Study S2: Conceptual Replication of Study 3 with Alternate Selfie Type (Silly Instead of Risqué).

In study S2, participants (n = 400 US MTurkers, mean age = 34.91 y, SD = 11.35 y, 52.75% female) were randomized to imagine that they were either about to share a selfie (sharers) or to view a selfie that someone had sent them (observers). Participants were further told that the selfie was uninhibited; they looked very silly in it. Next, we described two possible platforms on which the selfie could be shared, differing in permanence (i.e., Snapchat vs. iMessage), as in study 3. Both sharers and observers were then asked for their intuition about whether the sharer would make a better impression if they sent the selfie (i) via Snapchat (ii) or via iMessage, or (iii) whether the platform did not matter, as in study 3. Whereas most sharers (53.30%) believed that sending the selfie via Snapchat would make the better impression, only 37.32% of observers agreed [χ(2) = 10.47, P < 0.005]. In contrast to the most common intuition of the sharers, observers most commonly indicated that the application on which the selfie was sent would not affect their impression of the sharer (Fig. S1). Study S2 replicates the actor-vs.-observer asymmetry with a different type of selfie shared: sharers believe that temporary sharing will improve the impression they make on others (hypothesis 5a), whereas observers believe that their impression of sharers will be unaffected by the sharing platform.

Study S3: Conceptual Replication of Study 4 with Instagram.

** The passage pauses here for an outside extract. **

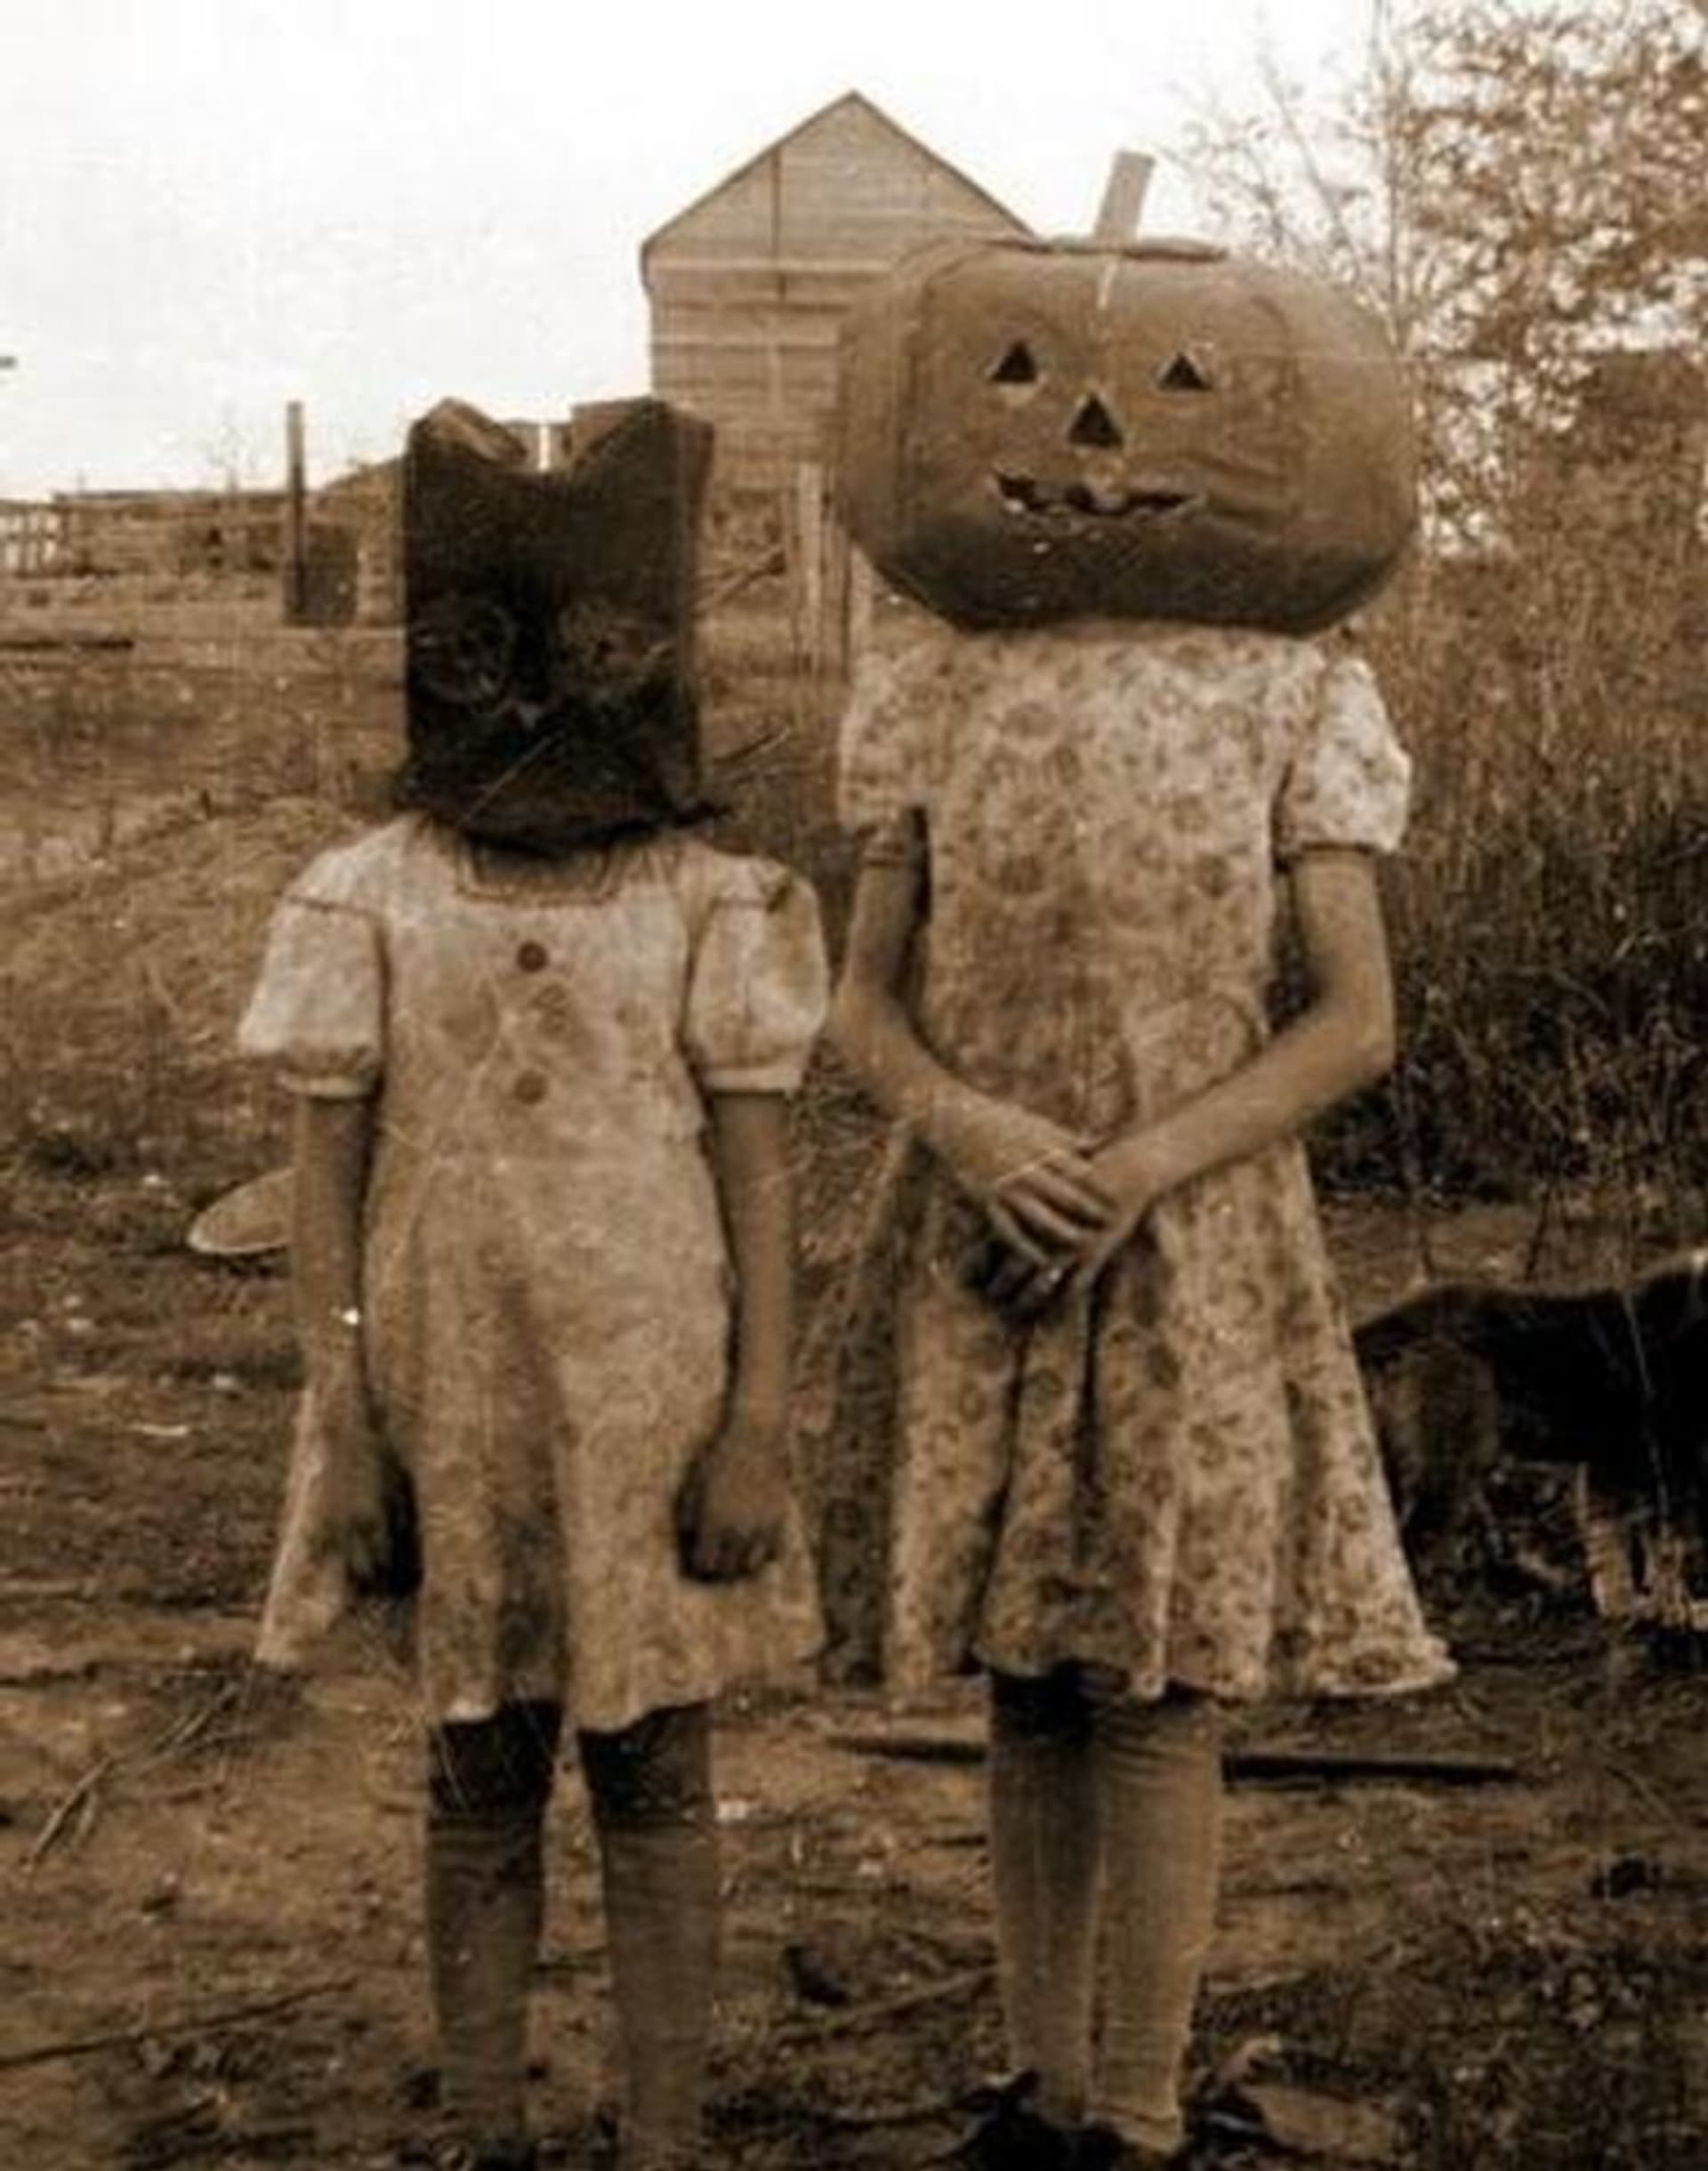 Halloweenské kostýmy před sto lety
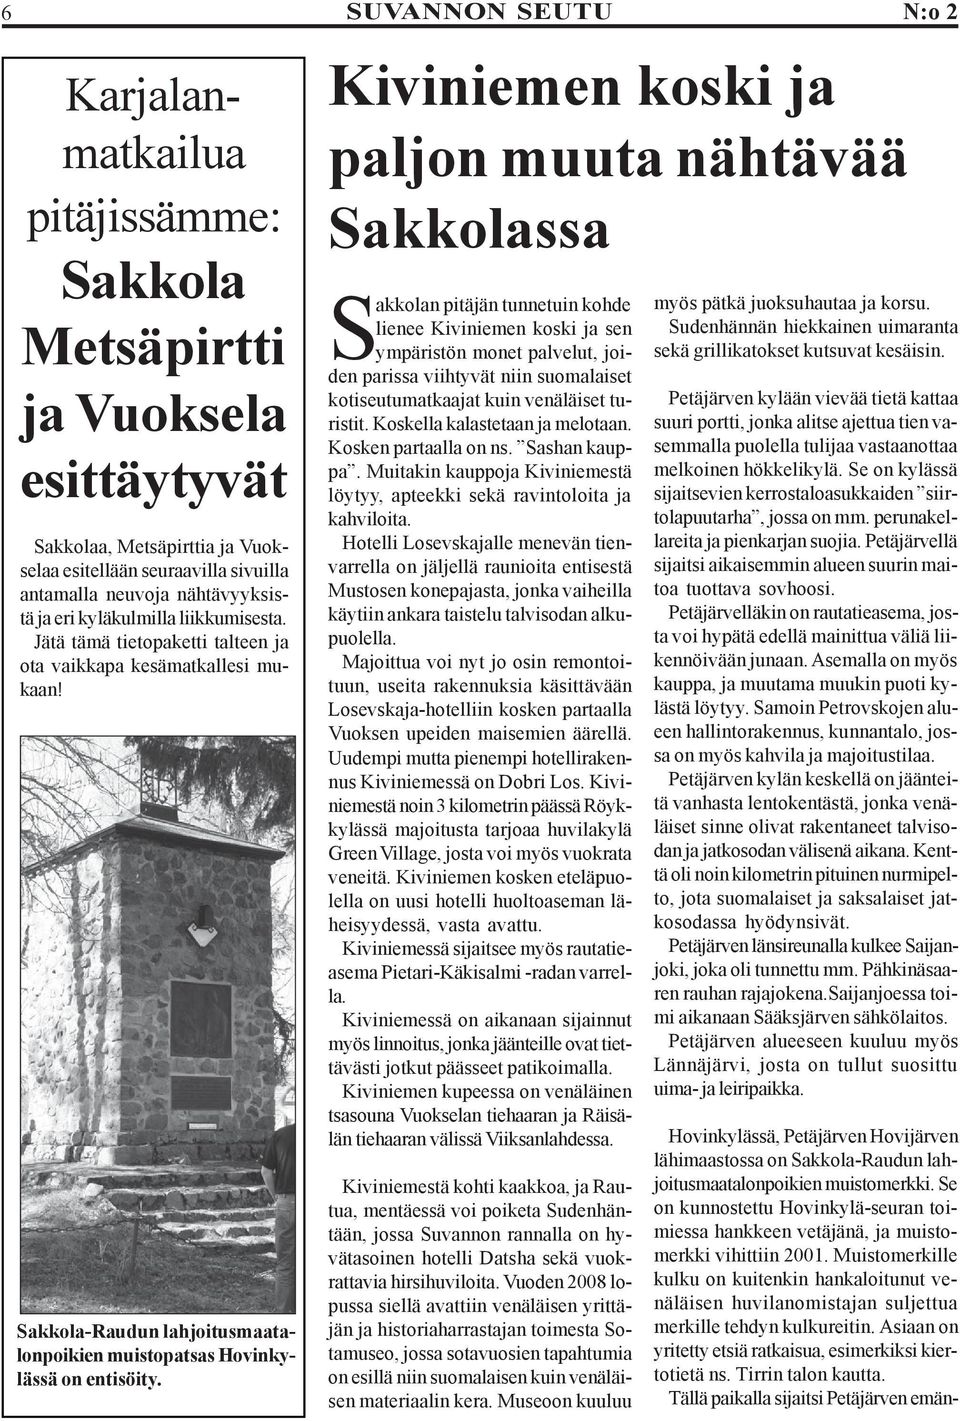 Kiviniemen koski ja paljon muuta nähtävää Sakkolassa Sakkolan pitäjän tunnetuin kohde lienee Kiviniemen koski ja sen ympäristön monet palvelut, joiden parissa viihtyvät niin suomalaiset

Study S3 is a conceptual replication of study 4 within Instagram, invoking Instagram Stories in the temporary condition and the regular Instagram feed in the permanent condition. Participants (n = 407 US MTurkers, mean age = 35.79 y, SD = 18.78 y, 49.63% female) were randomized to either a temporary-sharing or permanent-sharing condition and to view either an uninhibited selfie or a control selfie.

Selfie manipulation.

Participants were randomized to view either an uninhibited selfie or a control selfie. As in study 4, to reduce the chance that observed effects are driven by idiosyncratic features of specific selfies, each participant was randomly presented with one selfie out of a pool of 20 possible selfies, 10 of which had been coded as uninhibited and 10 as not-uninhibited. The selfies were of individuals in a previous study who had agreed to let us use them. Thus, in the uninhibited selfie condition, each participant was randomly presented with one of the 10 uninhibited selfies; similarly, in the control selfie condition, each participant was randomly presented with one of 10 control selfies. Participants in the temporary condition were asked to “Imagine that you are on Instagram and see a selfie posted by a stranger. Further imagine that the stranger shared the selfie only temporarily, by using Instagram Stories. This means that the selfie can only be viewed temporarily; the photo self-destructs after 24 h.” In the permanent condition, participants were asked to “Imagine that you are on Instagram and see a selfie posted by a stranger. Further imagine that the stranger shared the selfie permanently, by using regular Instagram. This means that the selfie can be viewed permanently.”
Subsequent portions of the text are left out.